I was the seventh ALT to live in my town.  I didn’t know that when I arrived, but over the course of my time there, I came to know that fact.  I learned this not just from the stories I heard from my neighbors, but because even after being gone for so many years, most of them traveled back for a visit.  During my three years there, I met all of my predecessors, except two.  And many, if not all, have gone on from JET to do great things—some Japan-related, some not.

First there was Mike.  He only stayed for one year, back in the ‘90s, but still maintains contact with the locals he met in Japan.  From what I understand, he took his JET experience home, and is now a school teacher in Alaska.

Then came Matt, from Georgia.  After his JET years, he went into the military and served at Yokota Air Base.  He fell in love with a Japanese native, married, and named his first child after a dear friend from town.

Then Charles, from the U.K.  His post-JET life is not well known to me, but he is still remembered in town for showing up to teach kindergarten in a three-piece suit.

Fourth was Simon, from New Zealand.  He not only married a Japanese native, but had his wedding in the town.  He currently lives in Tokyo as systems engineer, providing his services to a Japanese company.

Fifth was Geoff.  He took his international experience gained from JET and is currently a lawyer with a background in human rights, and spent a summer at the Hague working on the International Criminal Tribunal for the former Yugoslavia.

My predecessor was Walker.  With a background in the arts, the locals still remember him for his snow sculptures around town.

Perhaps when each of these ALTs boarded their flight home, they too thought they had no impact.  They may have even thought that their JET background would get them nowhere.  But, during my time there, I met many of their former students, now adults, who could still remember who their ALTs were and what they meant to them.

I, too, had my doubts.

But then came the emails, the New Year’s cards, and the birthday gifts in the mail.  And, one day, over a year after I had come home, I logged onto my email account to see a message from a former student.  She had tracked down my email address, was taking a year to study in the U.S., and was excited enough to let me know.
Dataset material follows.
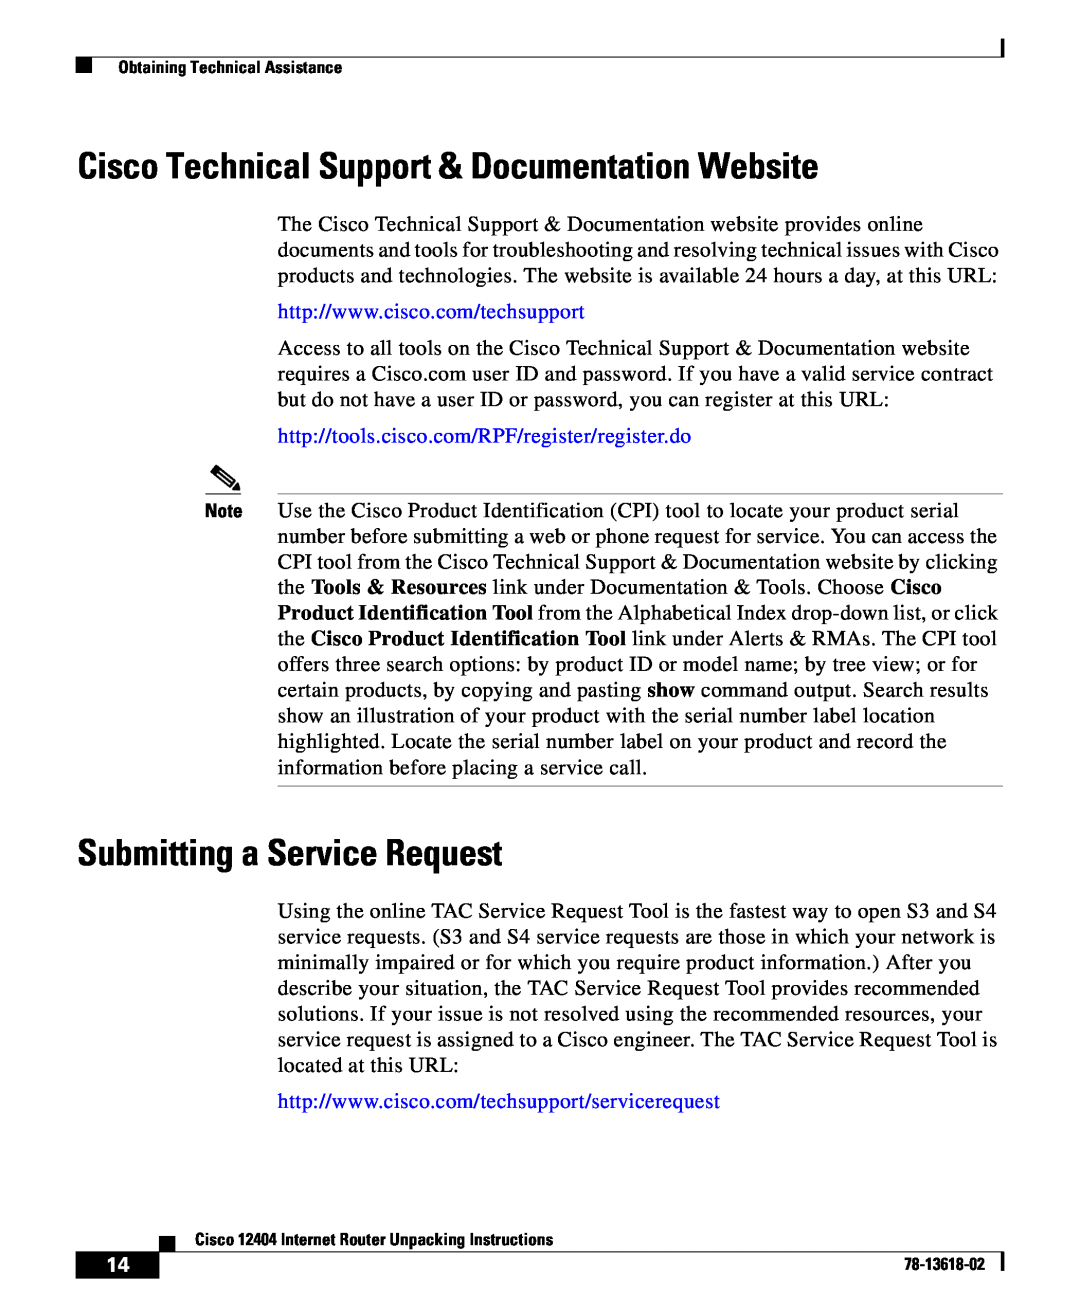 Cisco Systems 12404 manual Cisco Technical Support & Documentation Website, Submitting a Service Request 
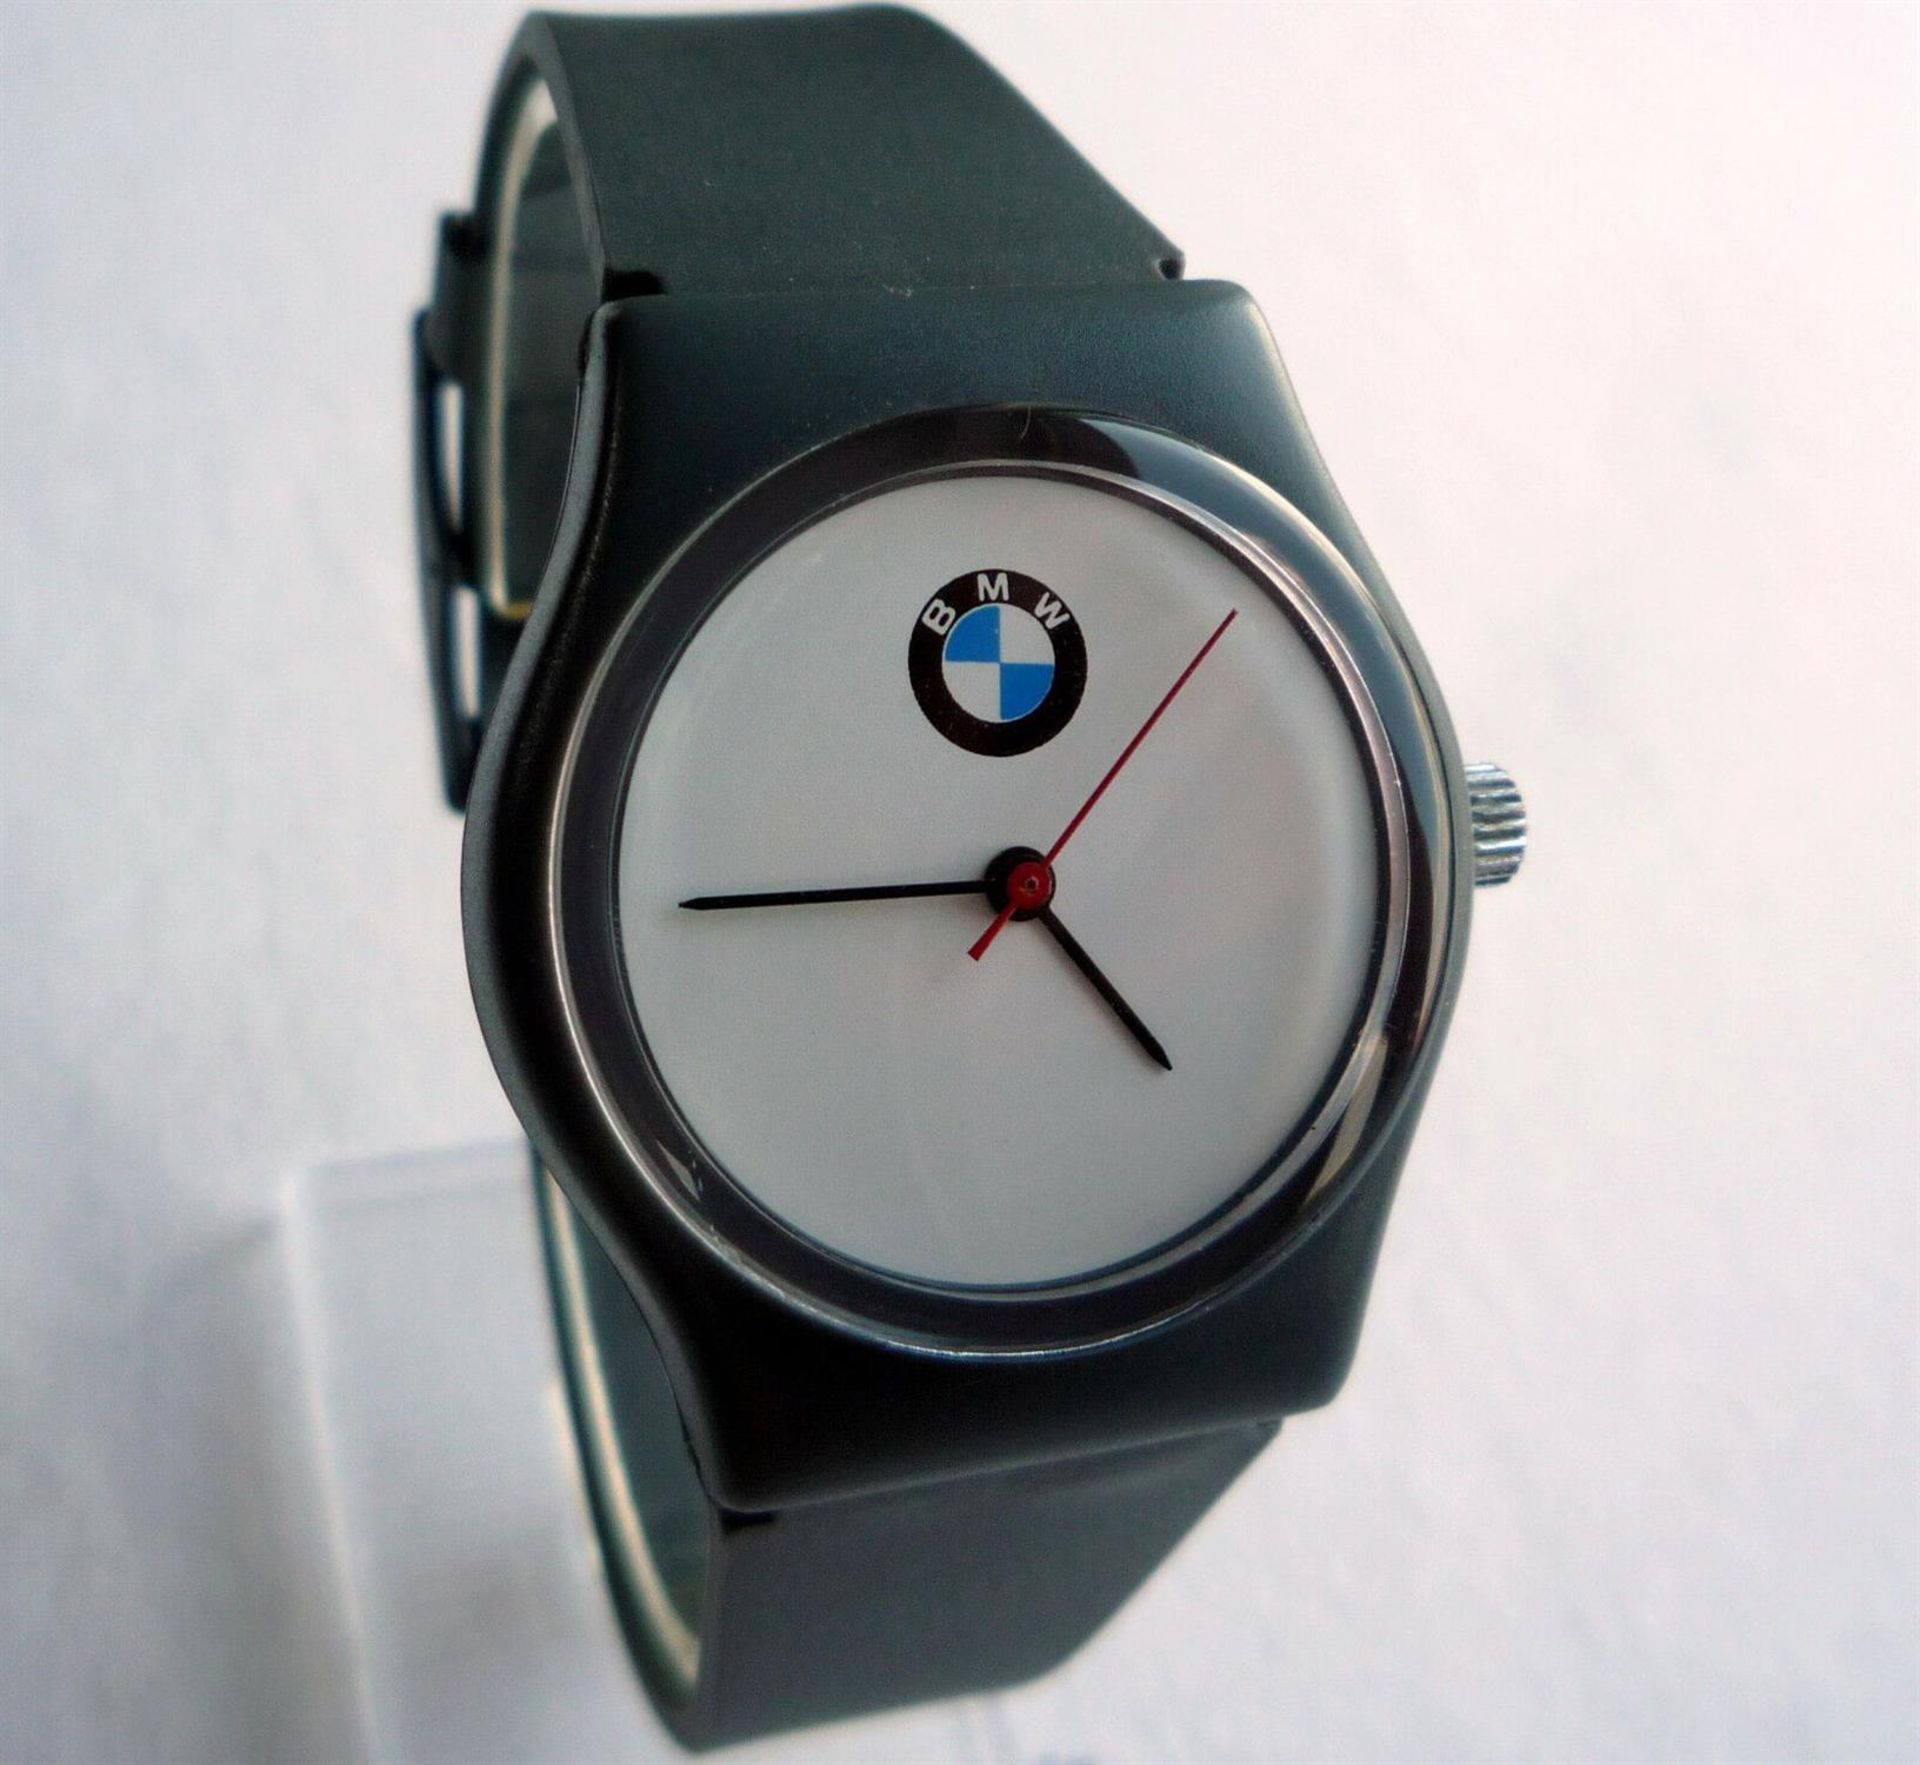 BMW retro-design Silicone Band Watch - Image 5 of 5

These are all things you can’t quantify in aptitude tests or evaluations, but the JET Programme’s involvement in that small logging town produced educators, engineers, families, lawyers, close relationships, and inspiration.  It broadened the horizons and aspirations of not only the participants, but also the locals.

At the end of the day, perhaps the JET Progamme is simply guilty of trying to accomplish too much, and maybe the experience of the ALTs in my town is unique in the grand scheme of things. But JET is, and will always be, what its participants make of it.  While that leaves the door open to abuse by participants who would prefer to do nothing, it equally opens the door for its participants to do a lot of good.